AIM OF THE EXERCISE> Please repeat the listing below exactly, but do not include its pictures.

DATASET SECTION>
- - -

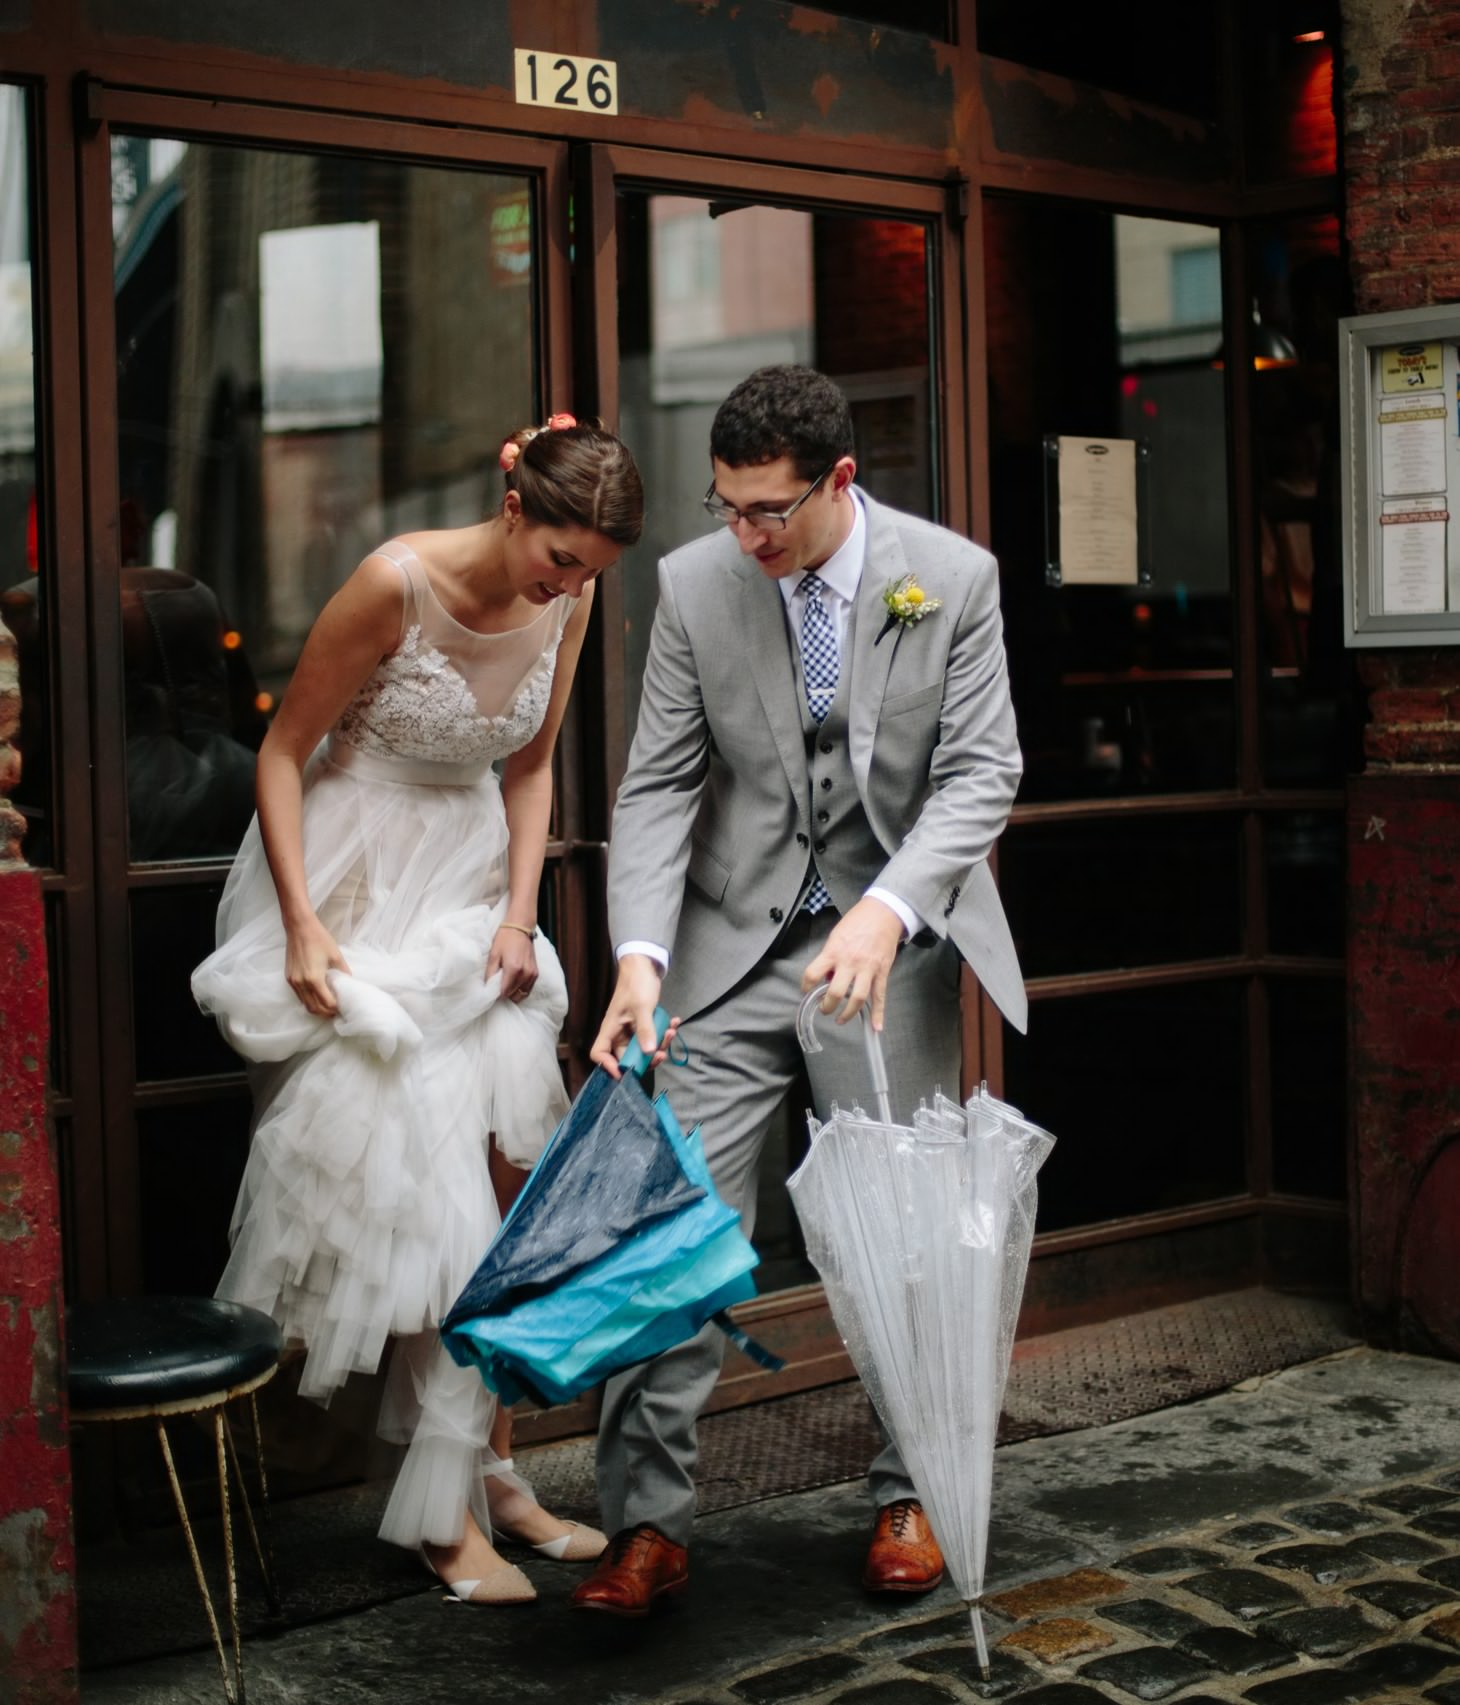 009-nyc-dumbo-loft-brooklyn-wedding-photographer-smitten-chickens-photo-.jpg
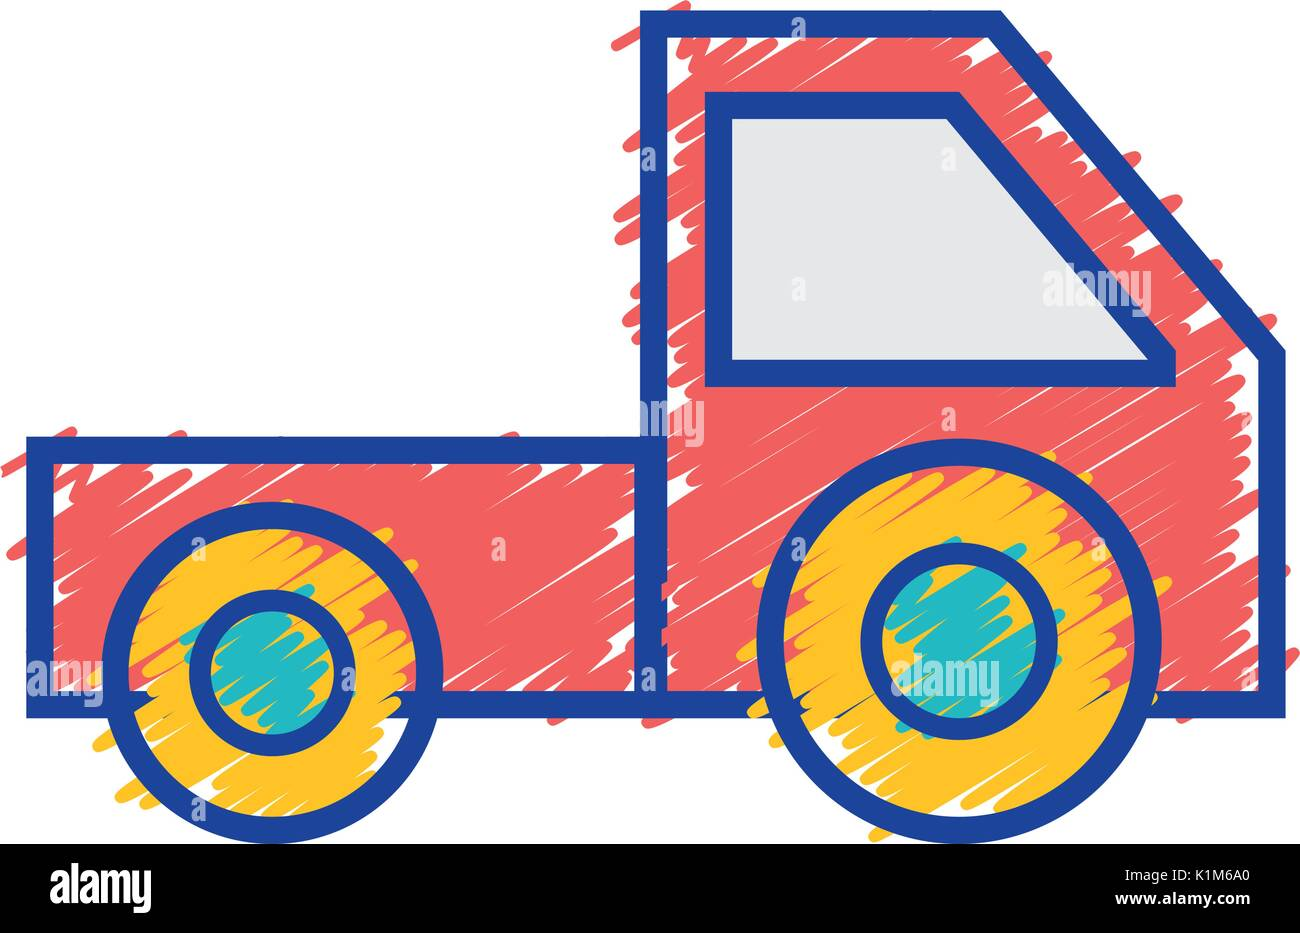 trunk vehicle transportation style design - Stock Vector
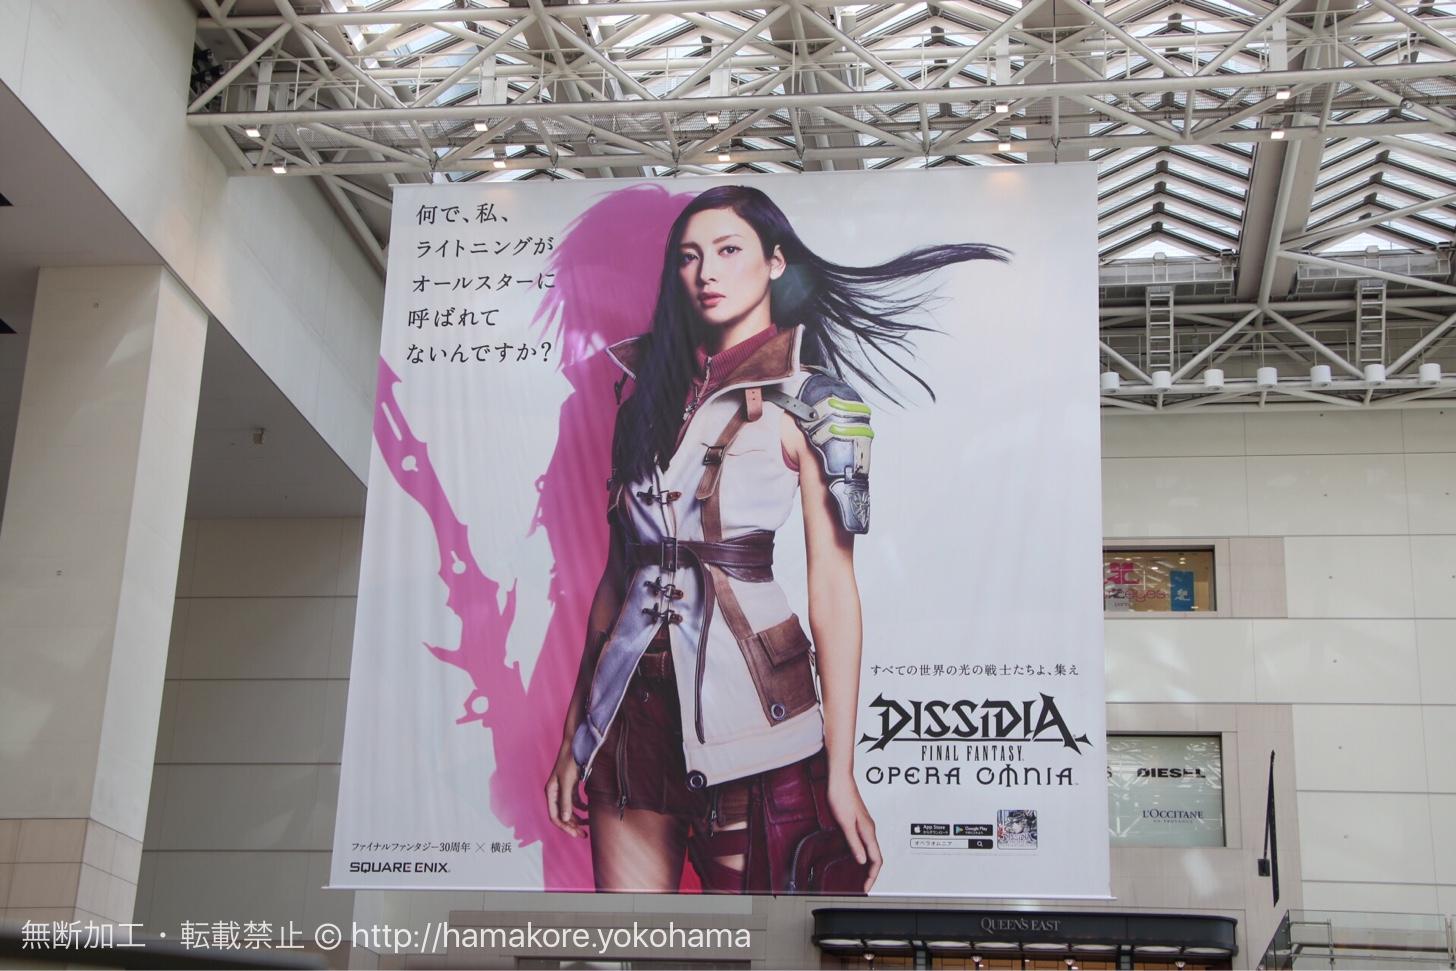 FFがクイーンズスクエア横浜の広告ジャック!巨大広告やフラッグのFFを見てきた

- - -

EXERCISE ANSWER>
 009-nyc-dumbo-loft-brooklyn-wedding-photographer-smitten-chickens-photo-.jpg
 trunk vehicle transportation style design - Stock Vector
 FFがクイーンズスクエア横浜の広告ジャック!巨大広告やフラッグのFFを見てきた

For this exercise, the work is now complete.